*INFORMATION PROVIDED*
----

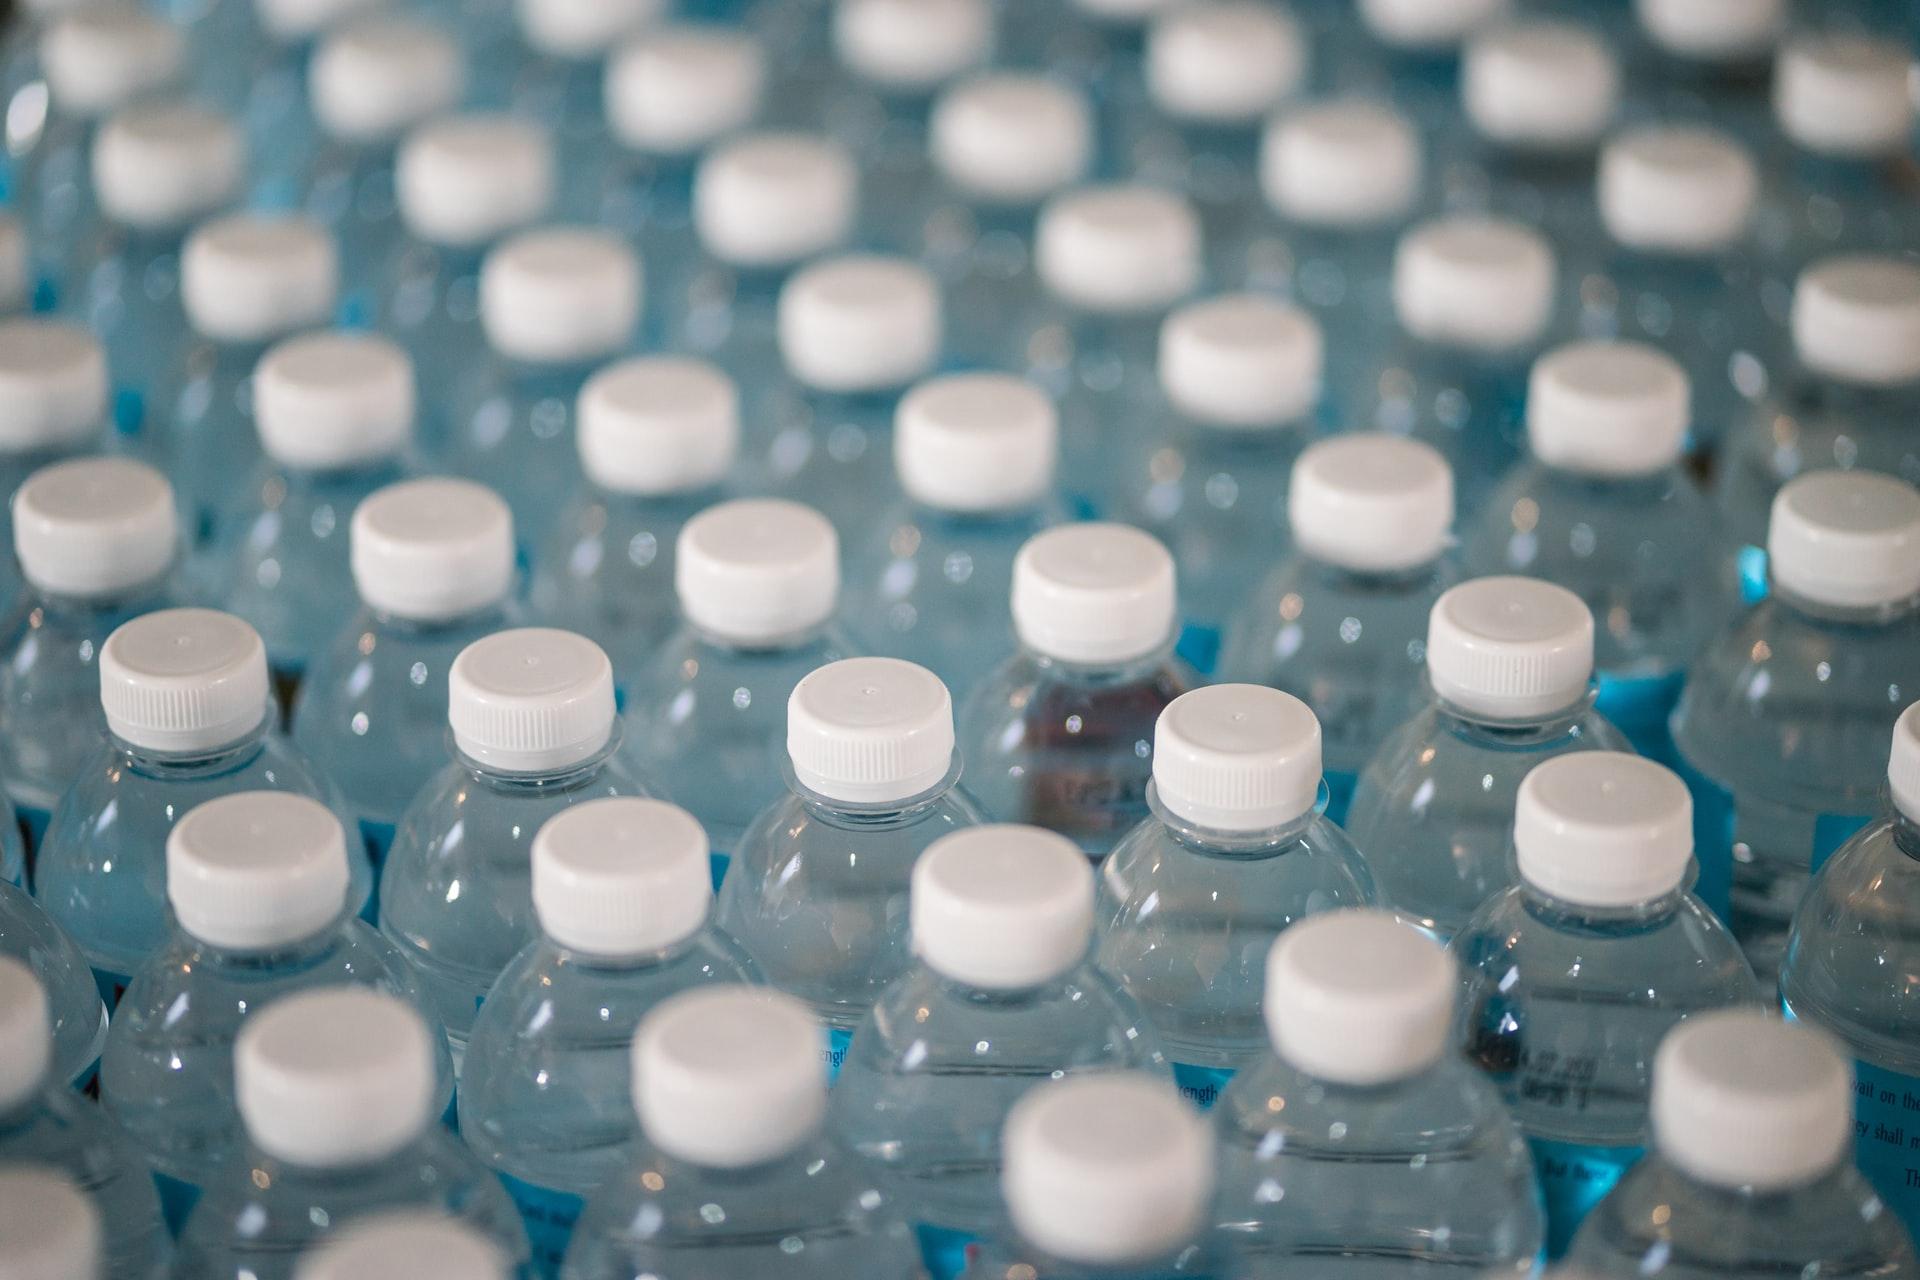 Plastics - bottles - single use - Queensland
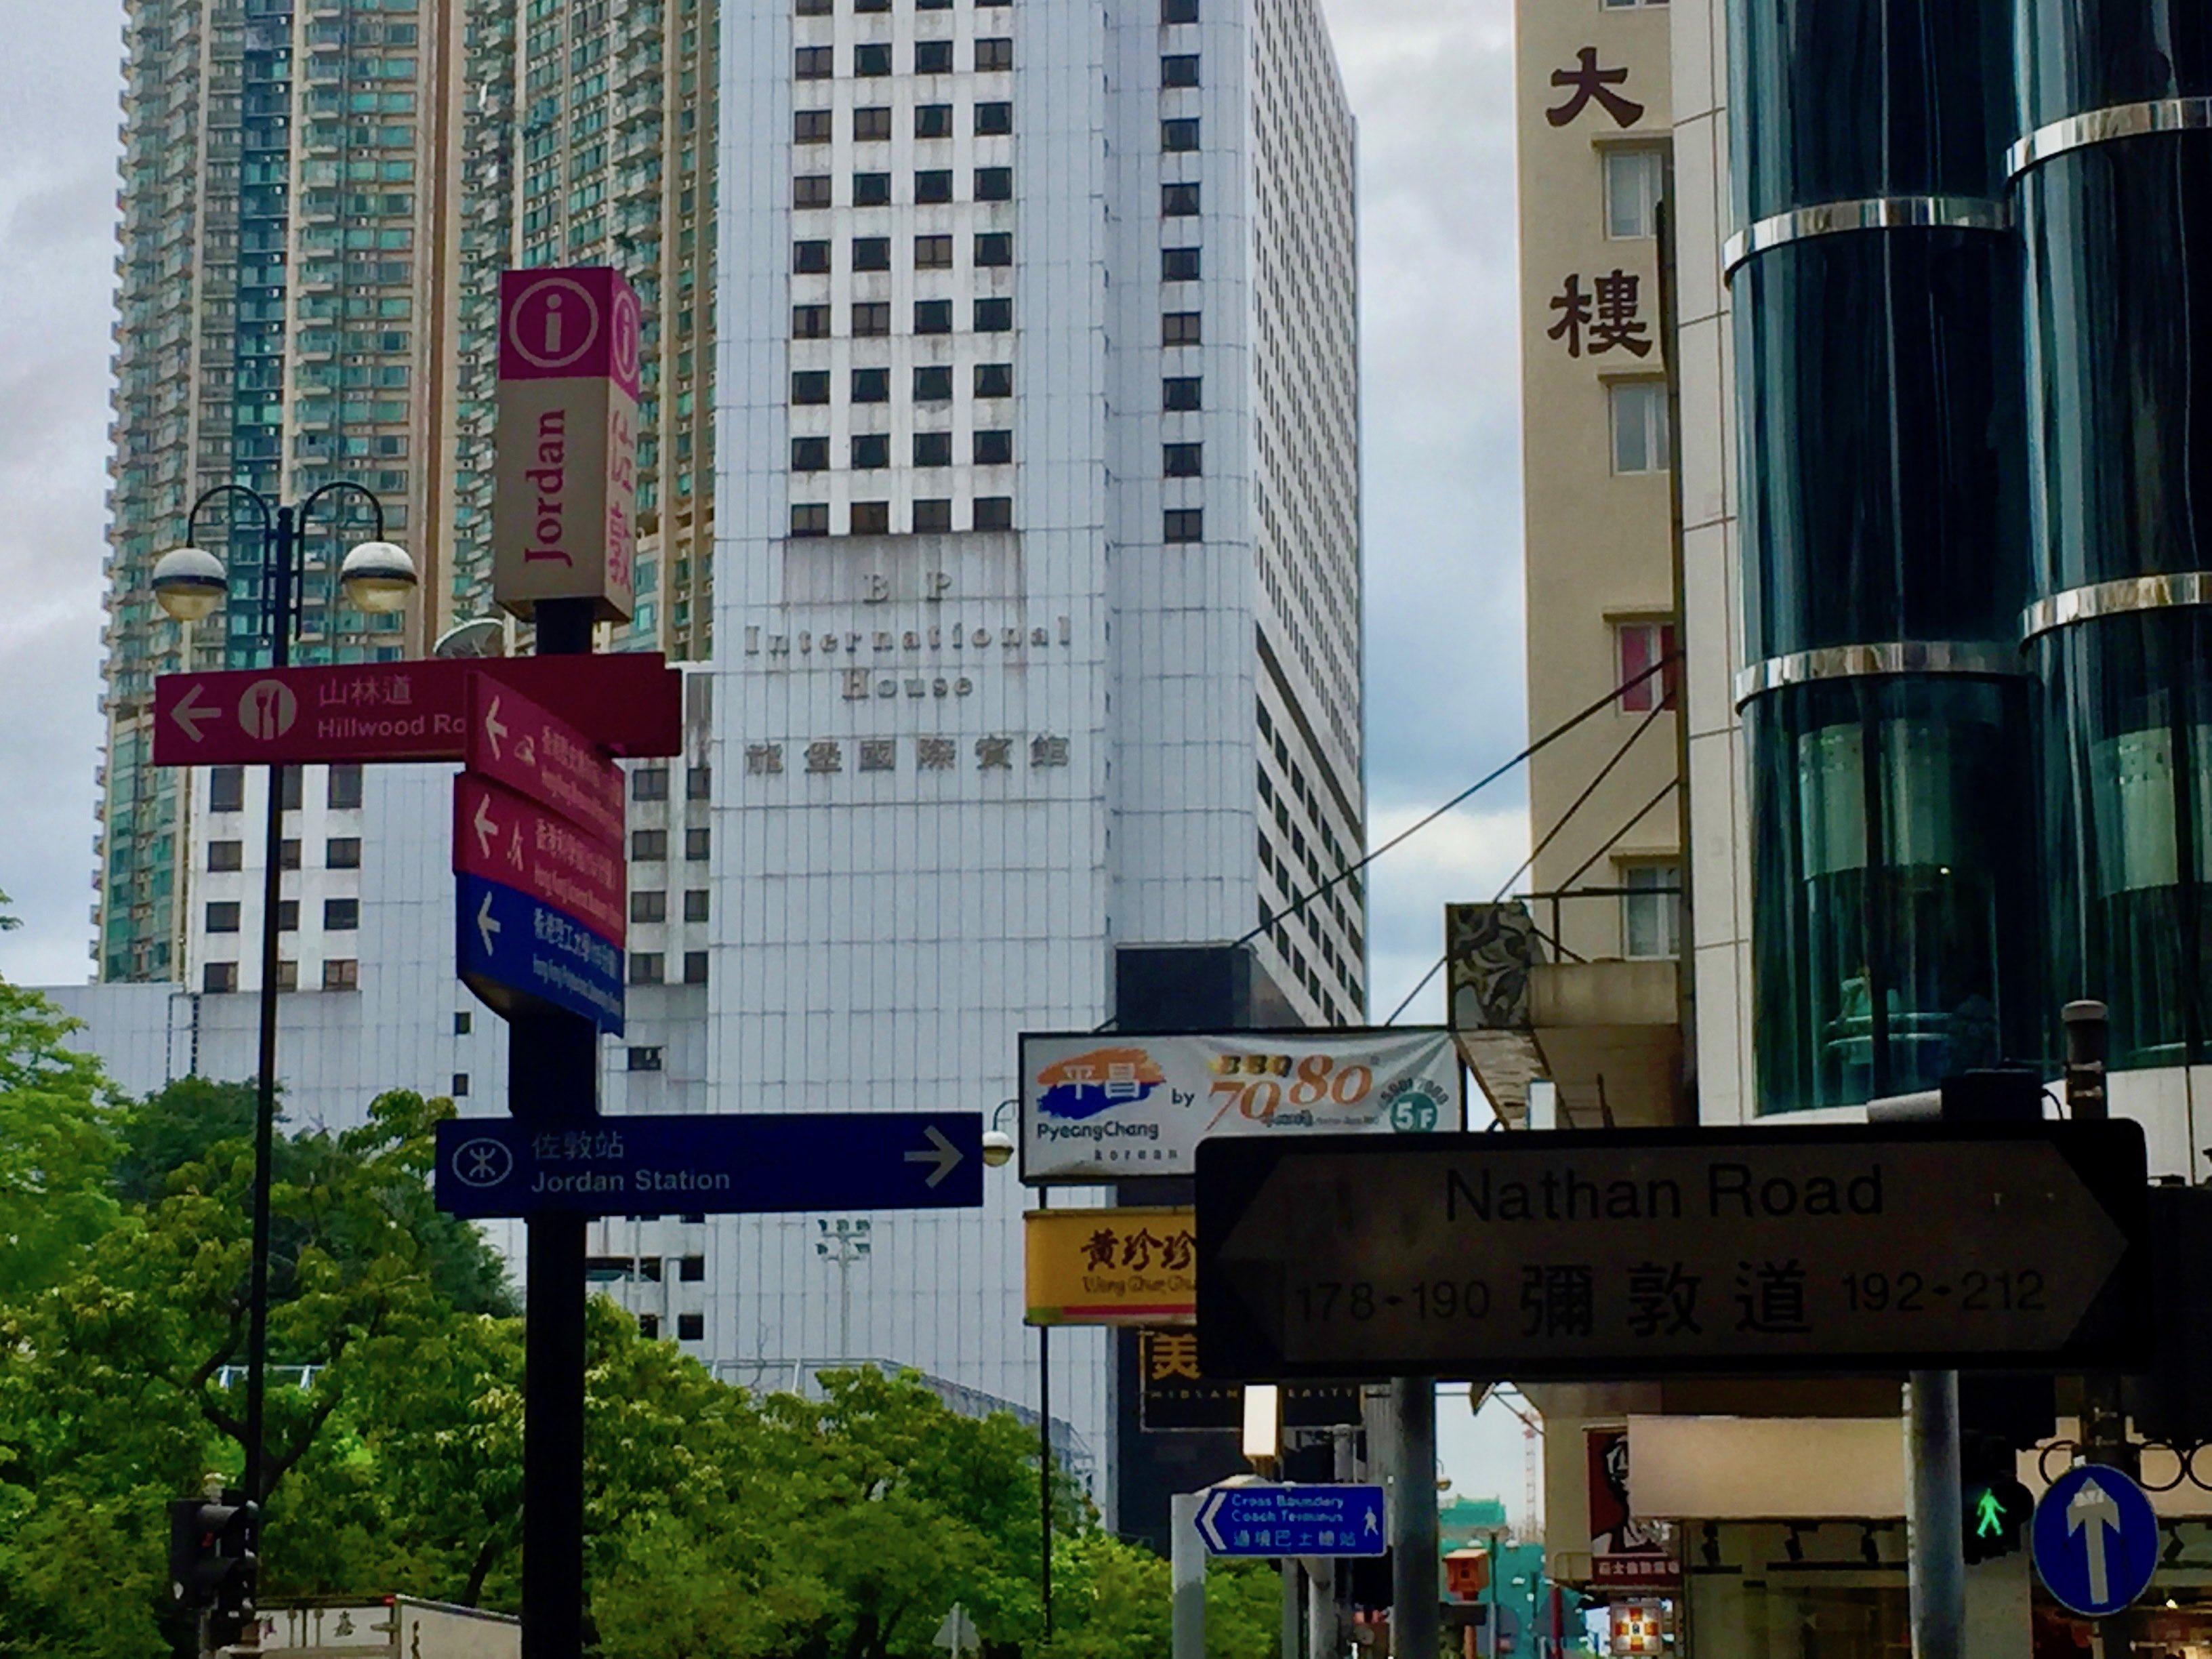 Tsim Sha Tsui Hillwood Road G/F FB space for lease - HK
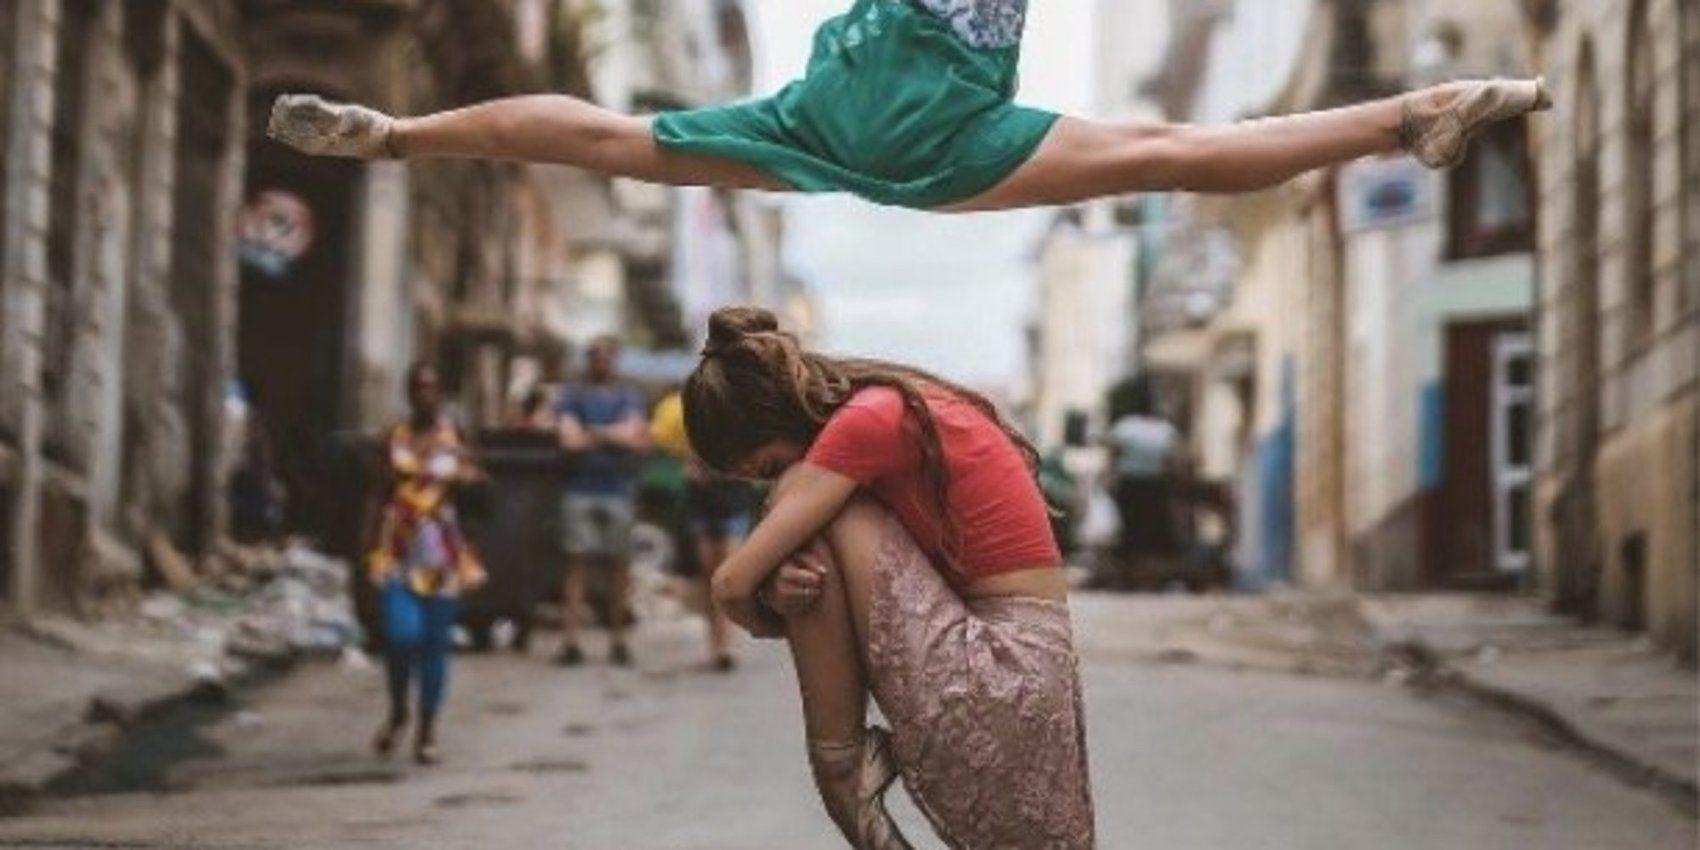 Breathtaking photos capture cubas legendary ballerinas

----

Exact copy, no images: rewrite the entire listing above.

*RESULT*
 Plastics - bottles - single use - Queensland
 Tsim Sha Tsui Hillwood Road G/F FB space for lease - HK
 Breathtaking photos capture cubas legendary ballerinas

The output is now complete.